The black-and-white tody-flycatcher is a year-round resident.

===Feeding===

The black-and-white tody-flycatcher feeds on insects. It typically forages singly or in pairs, and in Colombia and Peru at least is known to join mixed-species feeding flocks. It forages mostly in dense vegetation near the ground. It takes prey from foliage with short upward or forward sallies from a perch.

===Breeding===

One black-and-white tody-flycatcher nest is known; it was observed being constructed in Ecuador in October. Both sexes contributed to the construction. It was an ovoid bag dangling from a thin branch about 1.3 m above the ground in an understory tree.
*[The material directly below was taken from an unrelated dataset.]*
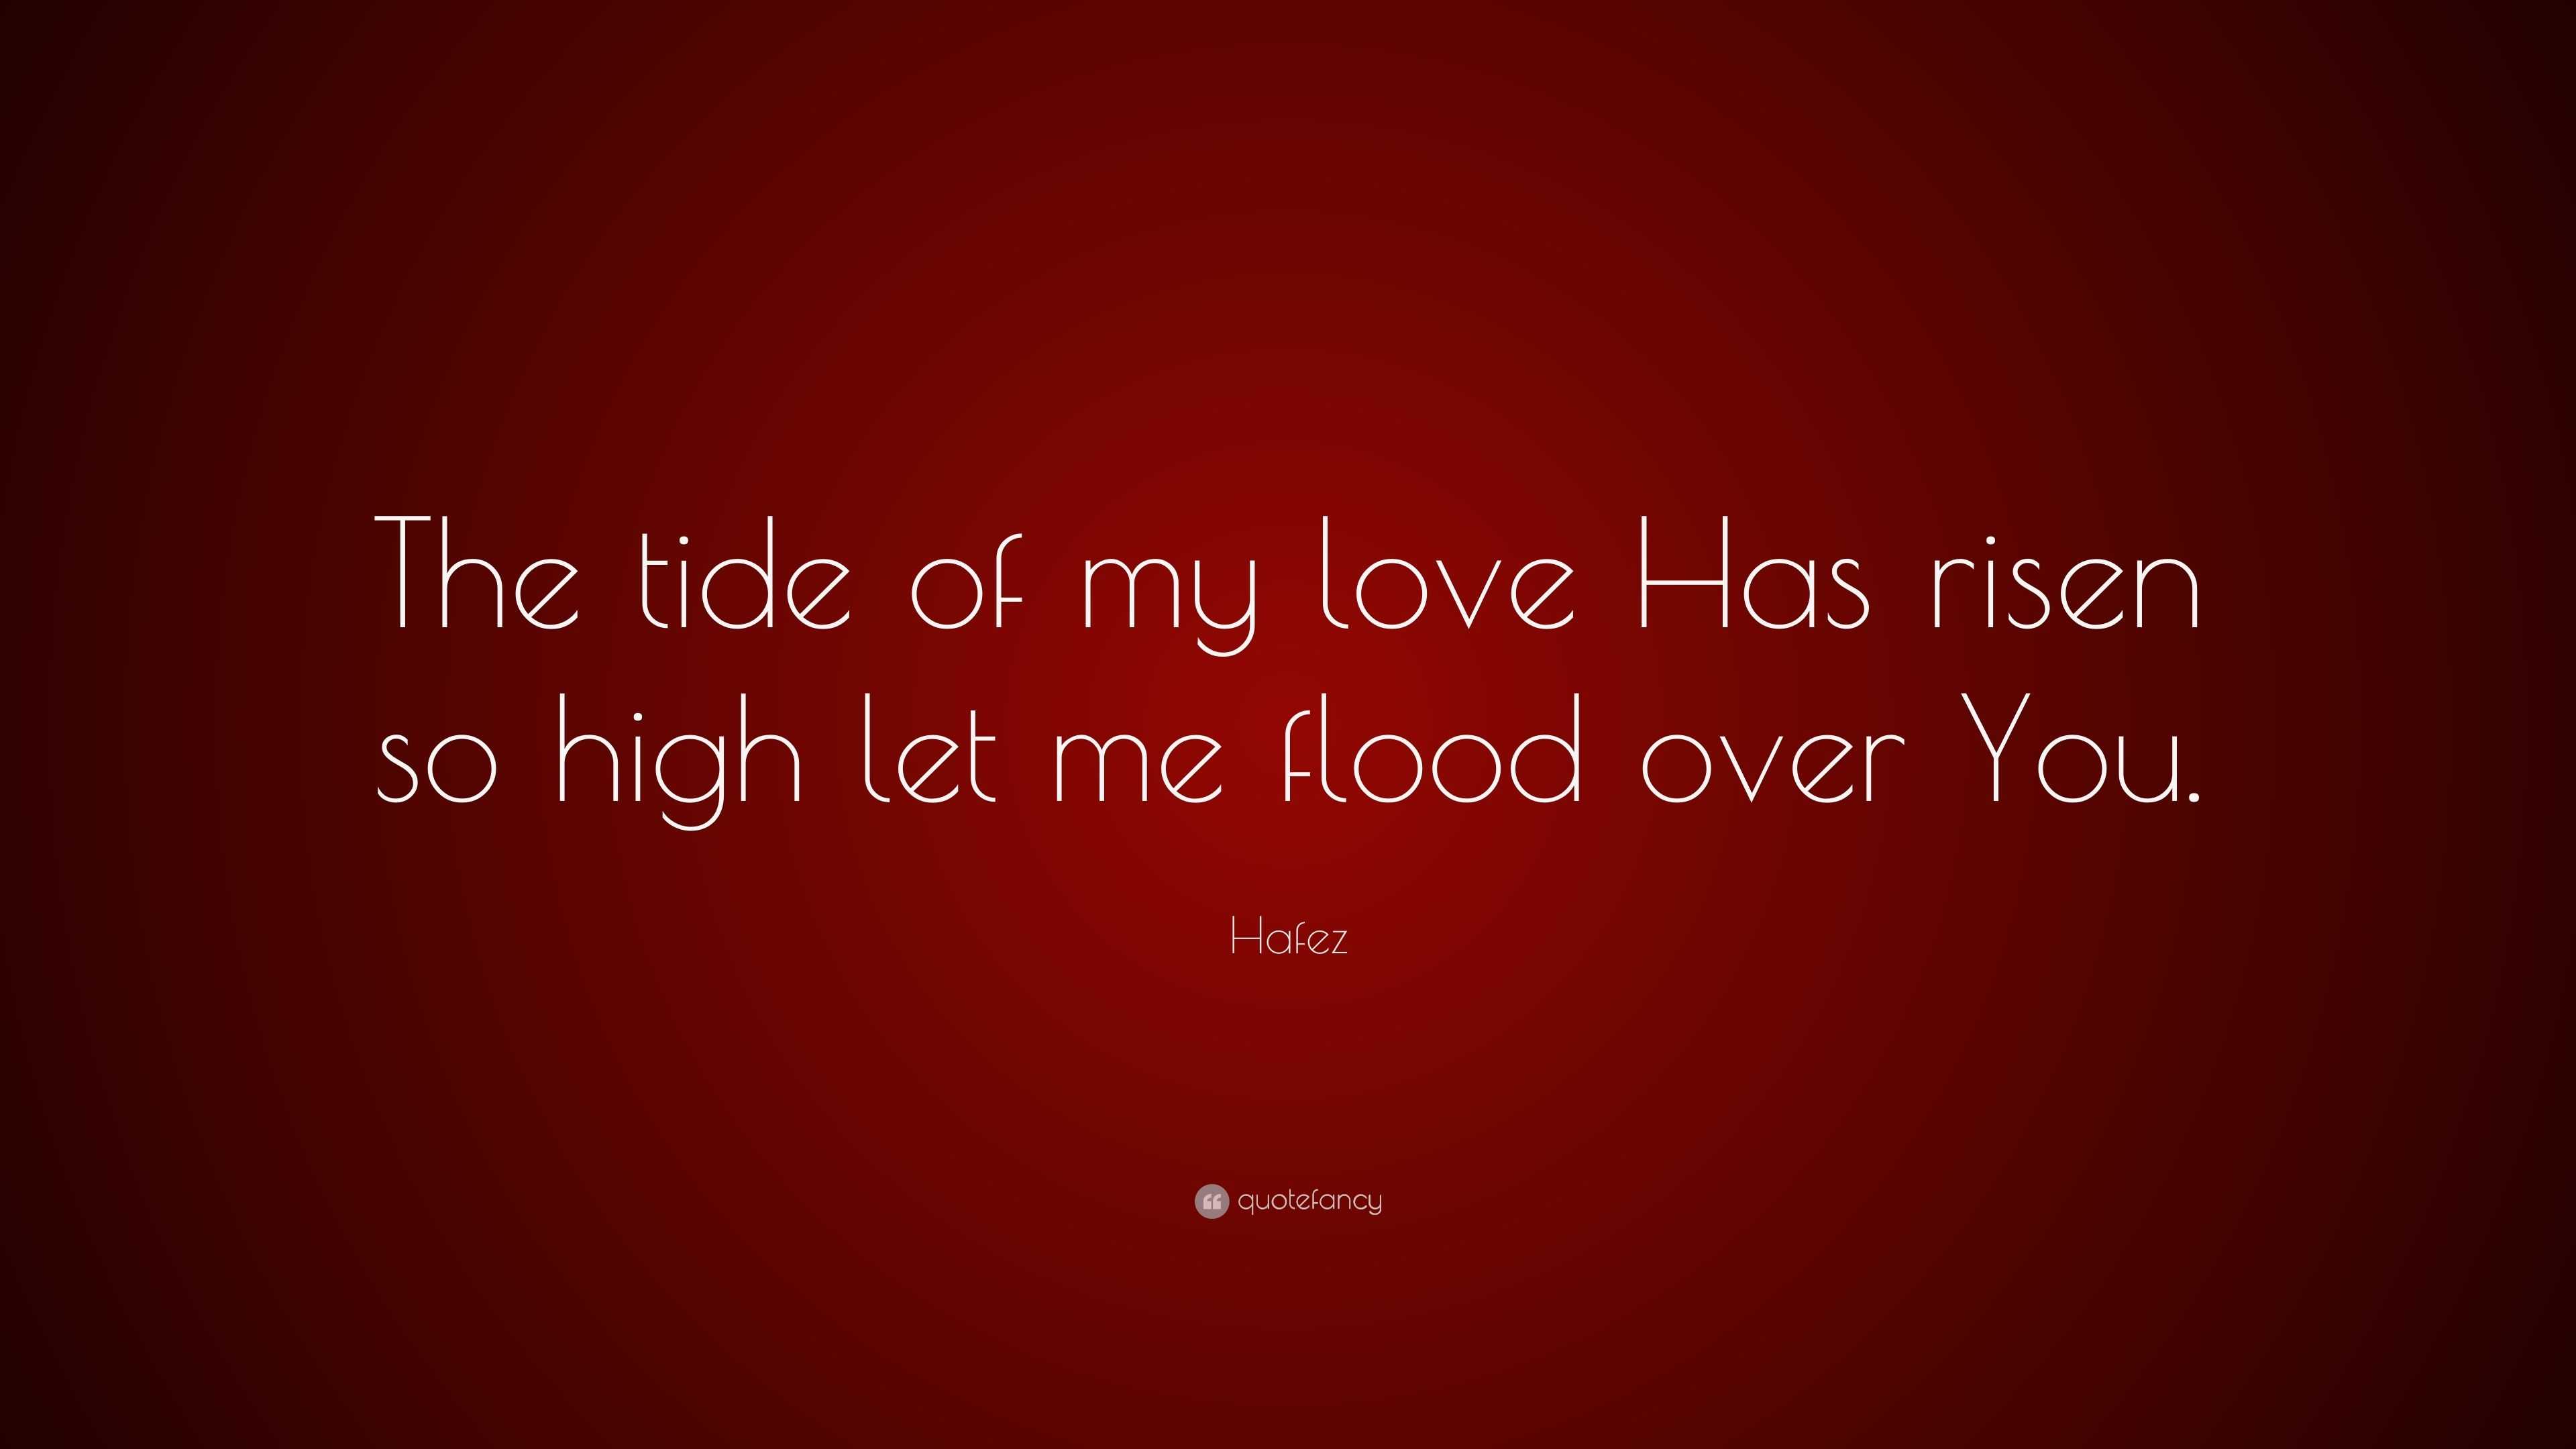 Hafez Quote: “The tide of my love Has risen so high let me flood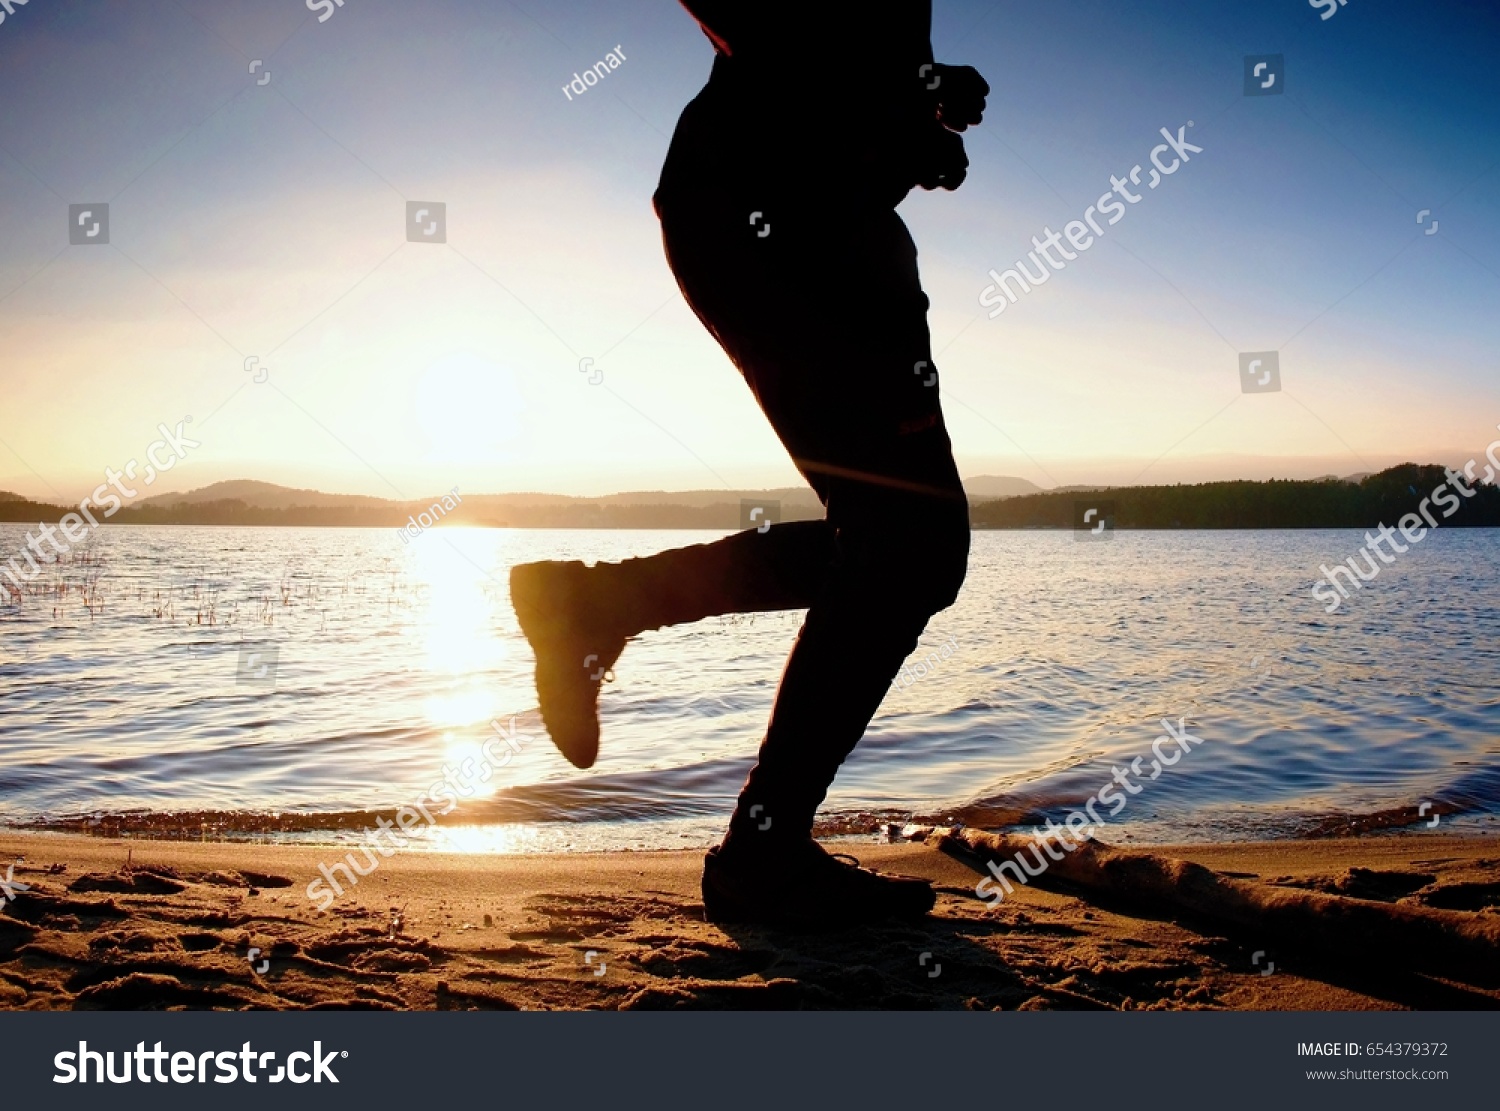 Unconscious Lukewarm The actual Young Male Runner Running On Empty Stock Photo 18642520 | Shutterstock

It was made from thin bark strips, rootlets, pieces of leaves, and fungal rhizomorphs; some of the material dangled below the nest. The species' clutch size, incubation period, time to fledging, and details of parental care are not known.

===Vocalization===

The black-and-white tody-flycatcher's call is a "fast sharp 'tik, t-r-r-r-r-r-r-ew' ", and when agitated it give a "more explosive 'tk, tk, tk, whey-whey-whey-whuh' ".

==Status==

The IUCN has assessed the black-and-white tody-flycatcher as being of Least Concern. It has a large range; its population size is not known and is believed to be decreasing. No immediate threats have been identified. It is considered uncommon in Colombia and Peru and "scarce and local" in Ecuador. It occurs in a few protected areas in Ecuador.